- **Problem to work on**: Return the data that follows exactly as it appears. Pictures do not belong in the copy.

- **Information shown**:

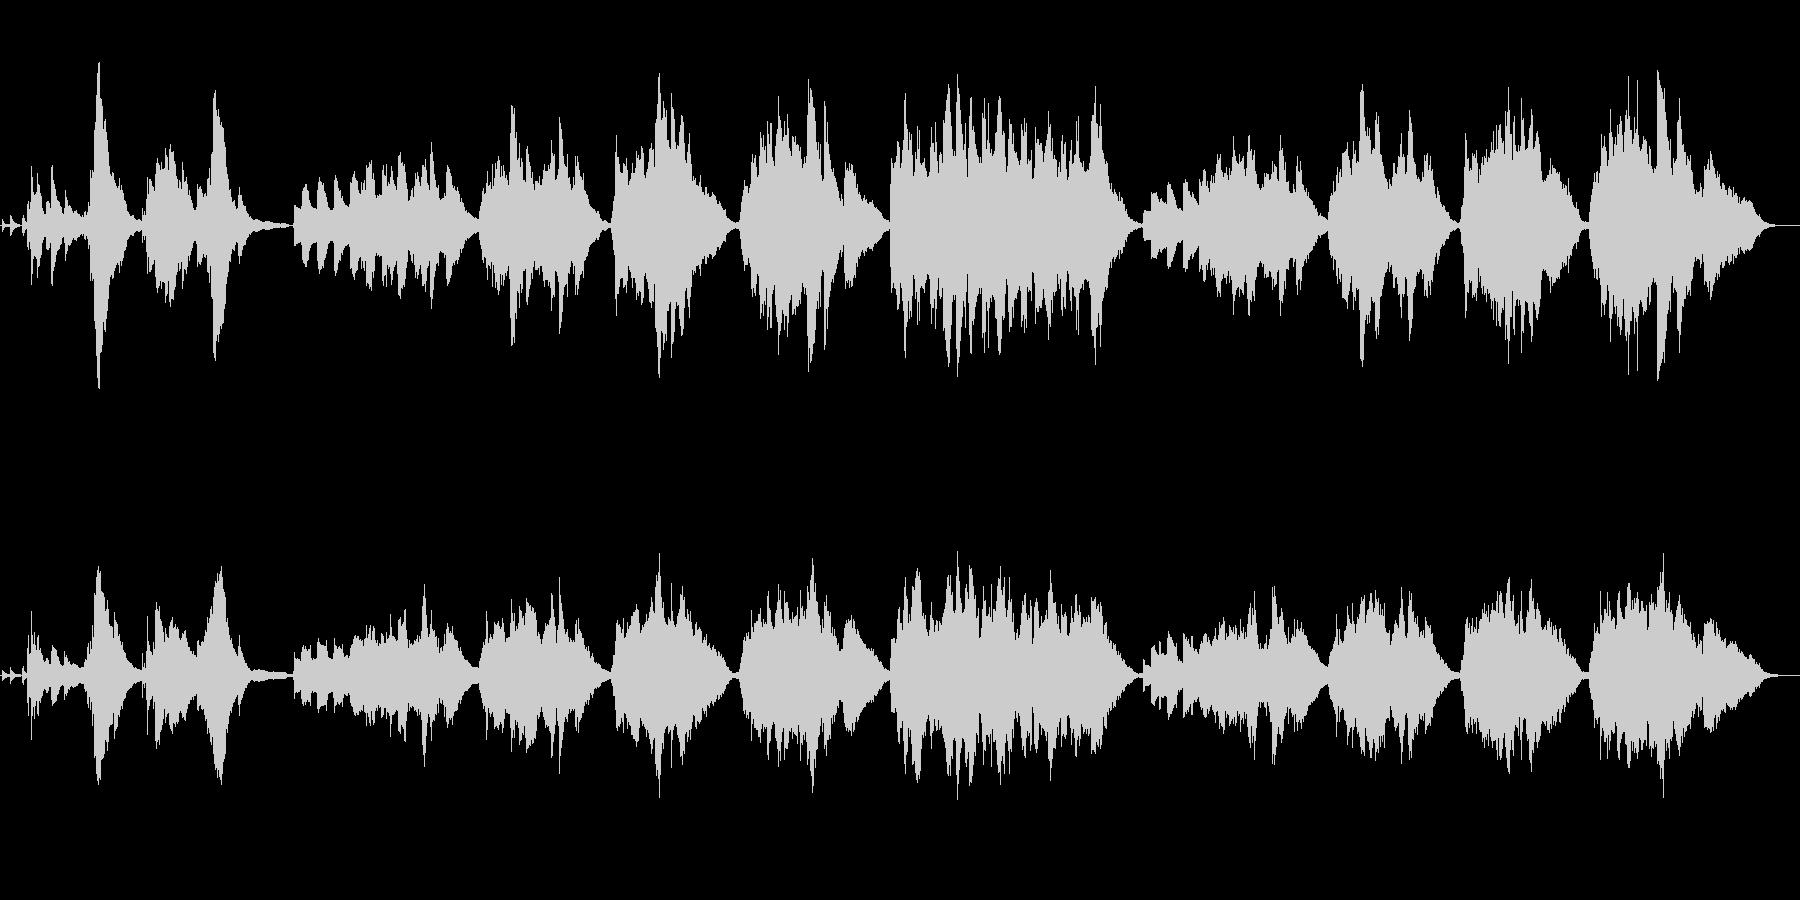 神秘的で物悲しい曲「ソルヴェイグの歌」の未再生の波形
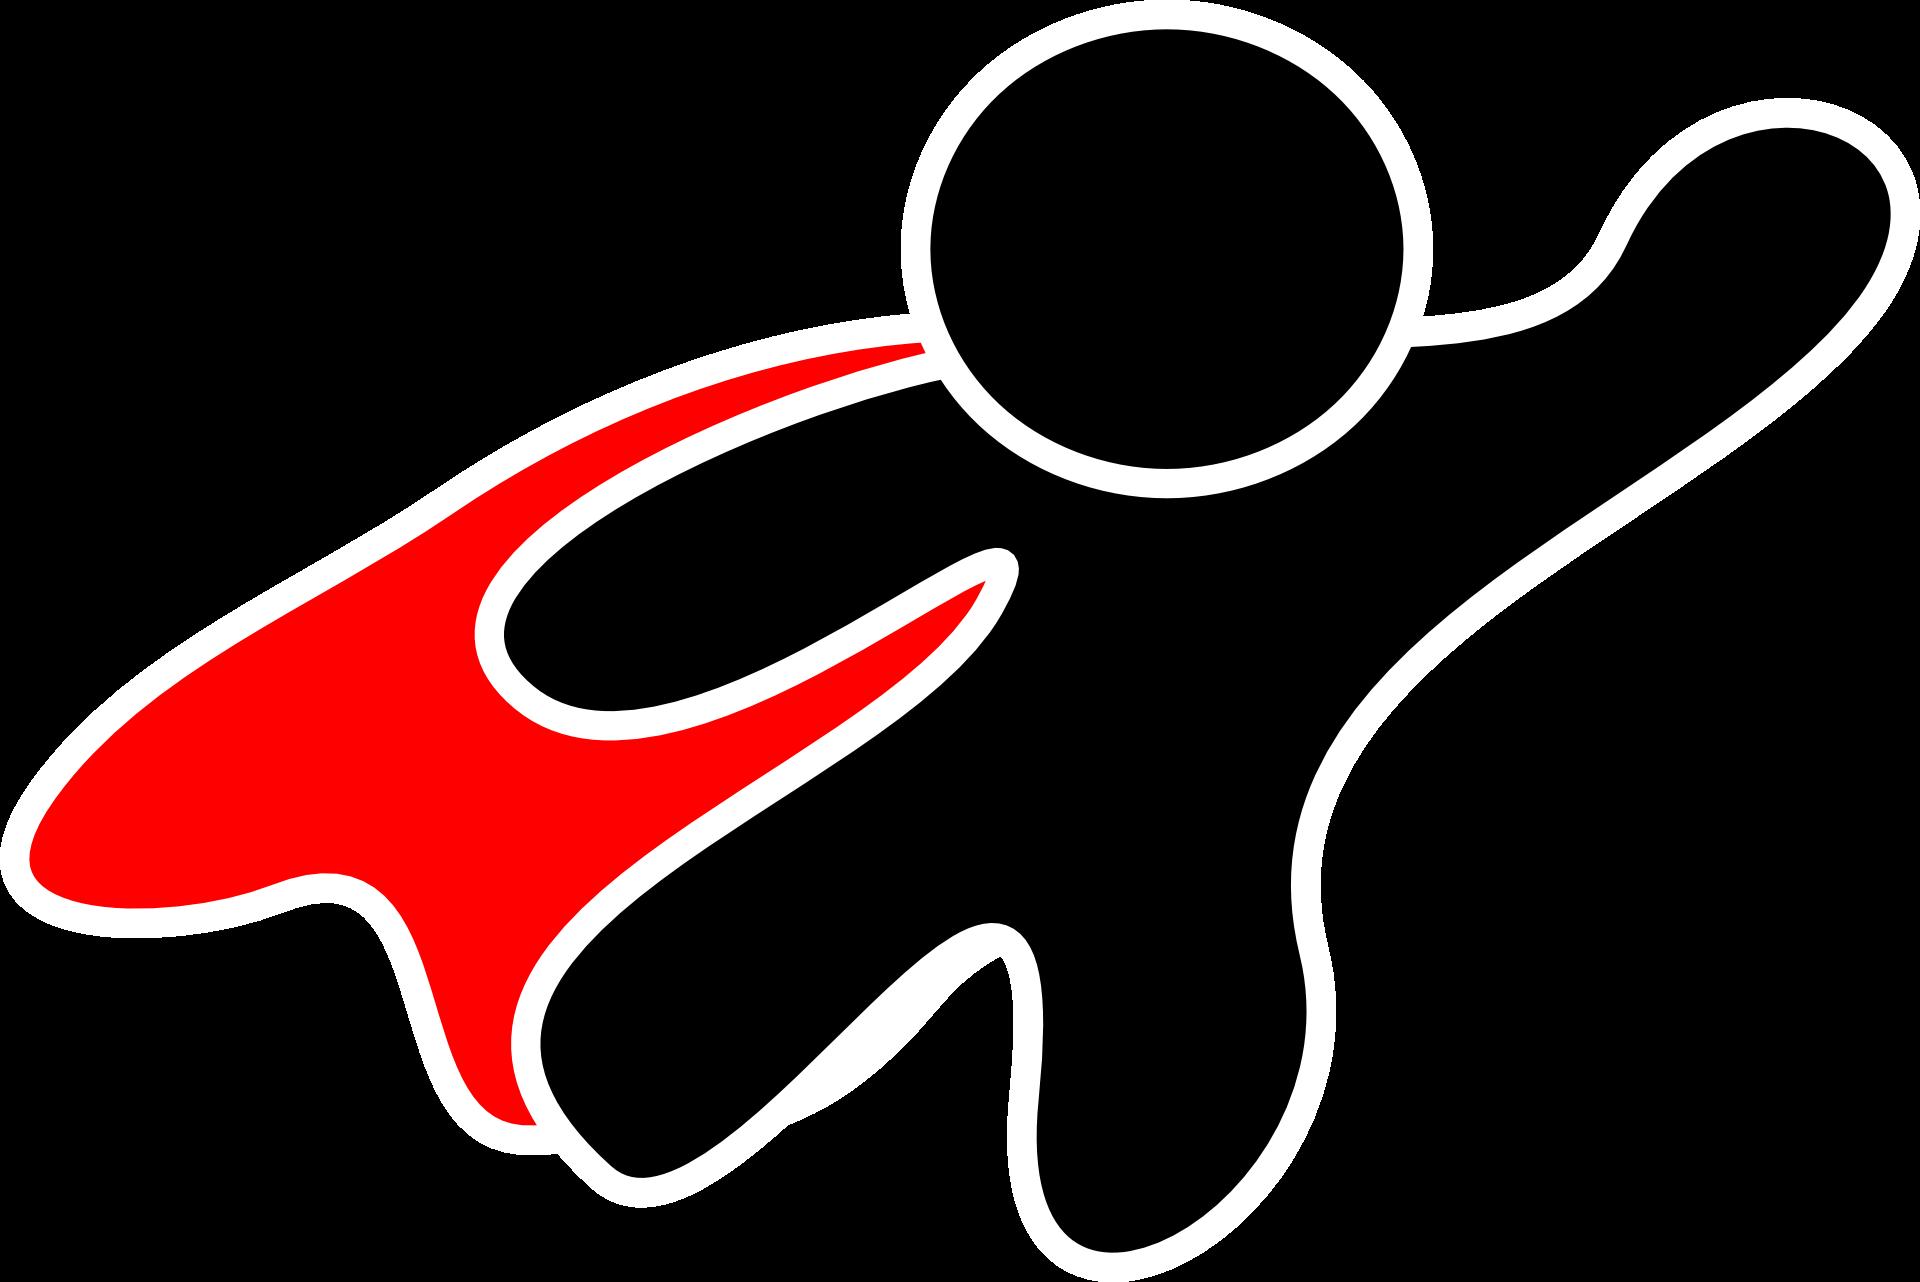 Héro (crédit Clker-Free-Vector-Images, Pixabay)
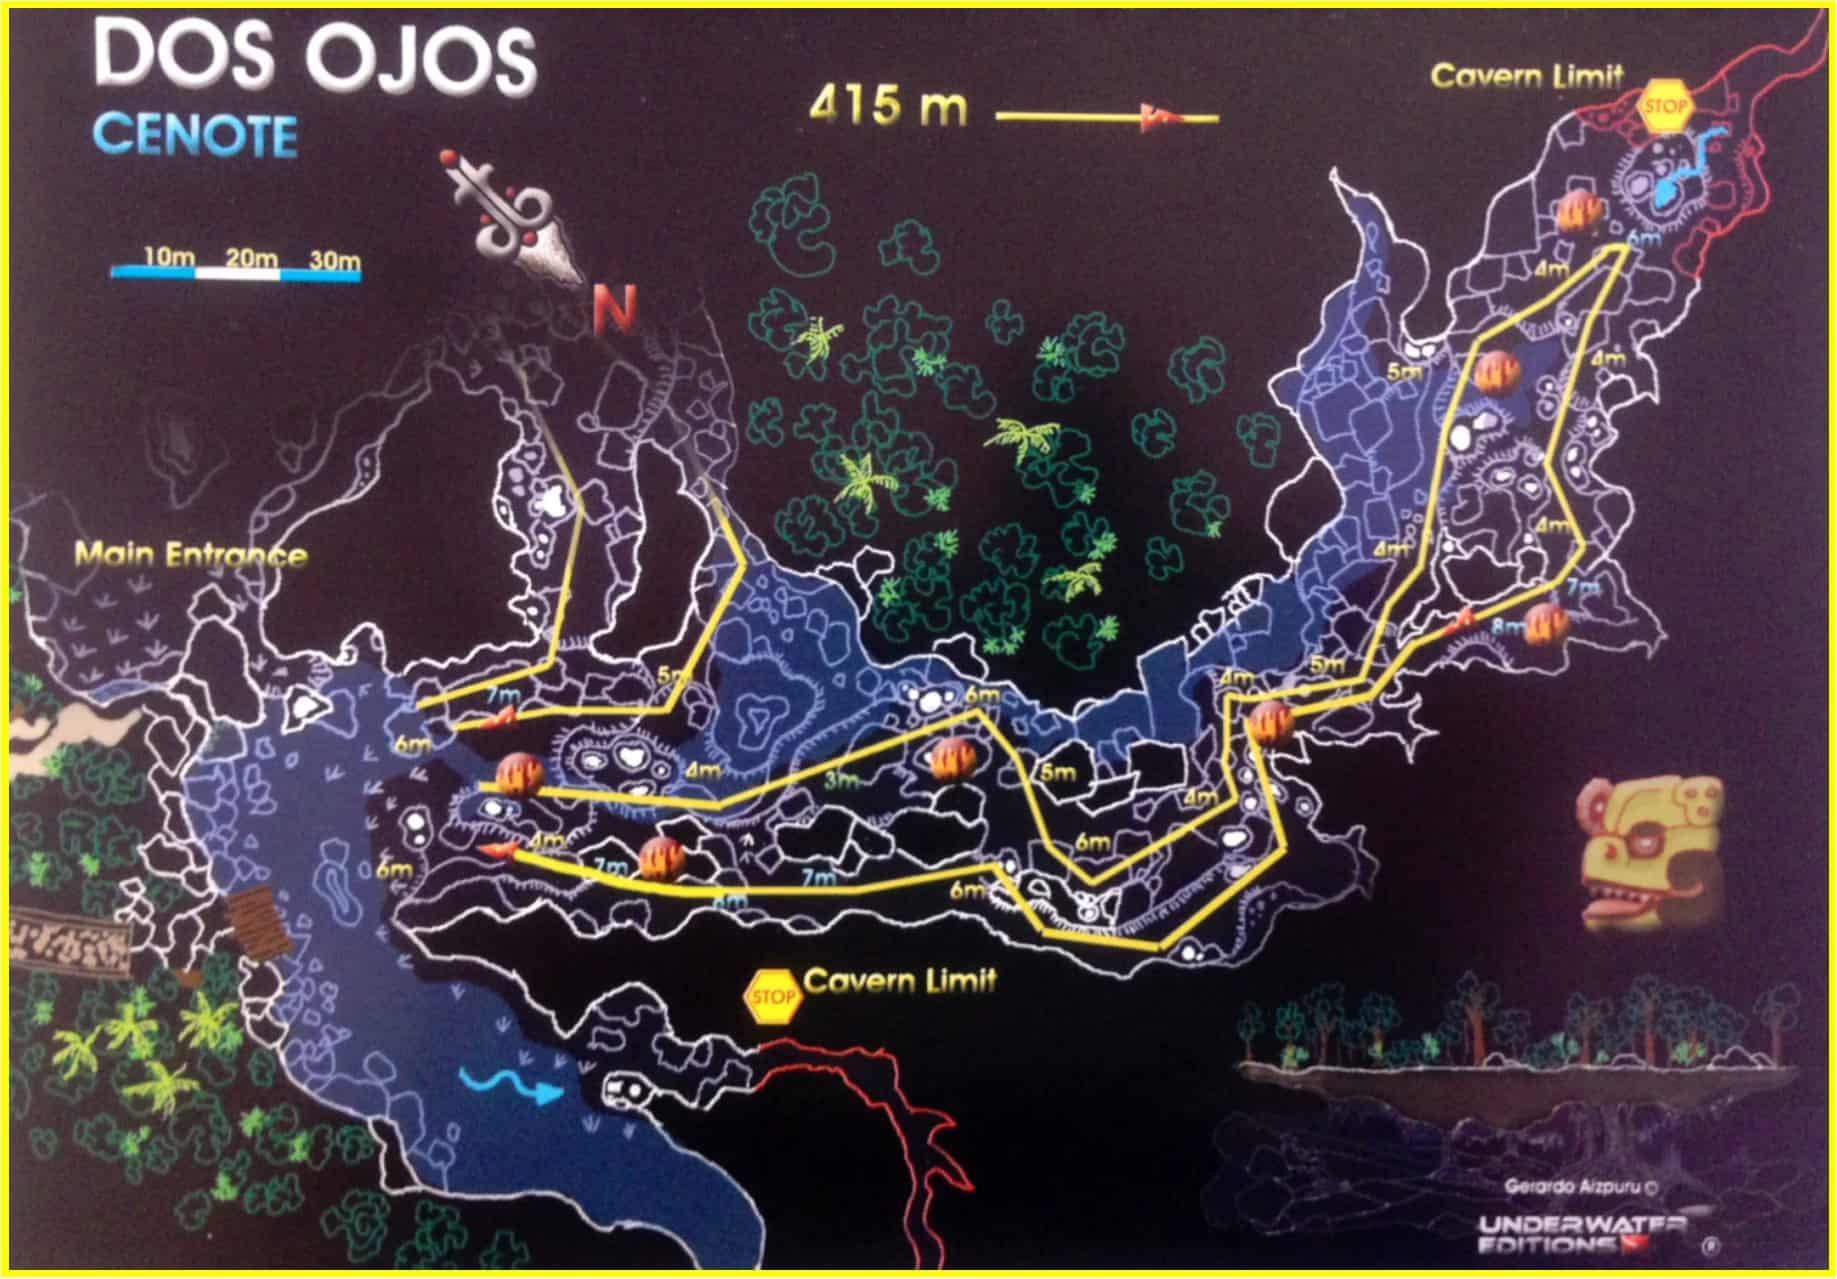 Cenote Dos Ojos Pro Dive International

- **Answer section**:
 神秘的で物悲しい曲「ソルヴェイグの歌」の未再生の波形
 Héro (crédit Clker-Free-Vector-Images, Pixabay)
 Cenote Dos Ojos Pro Dive International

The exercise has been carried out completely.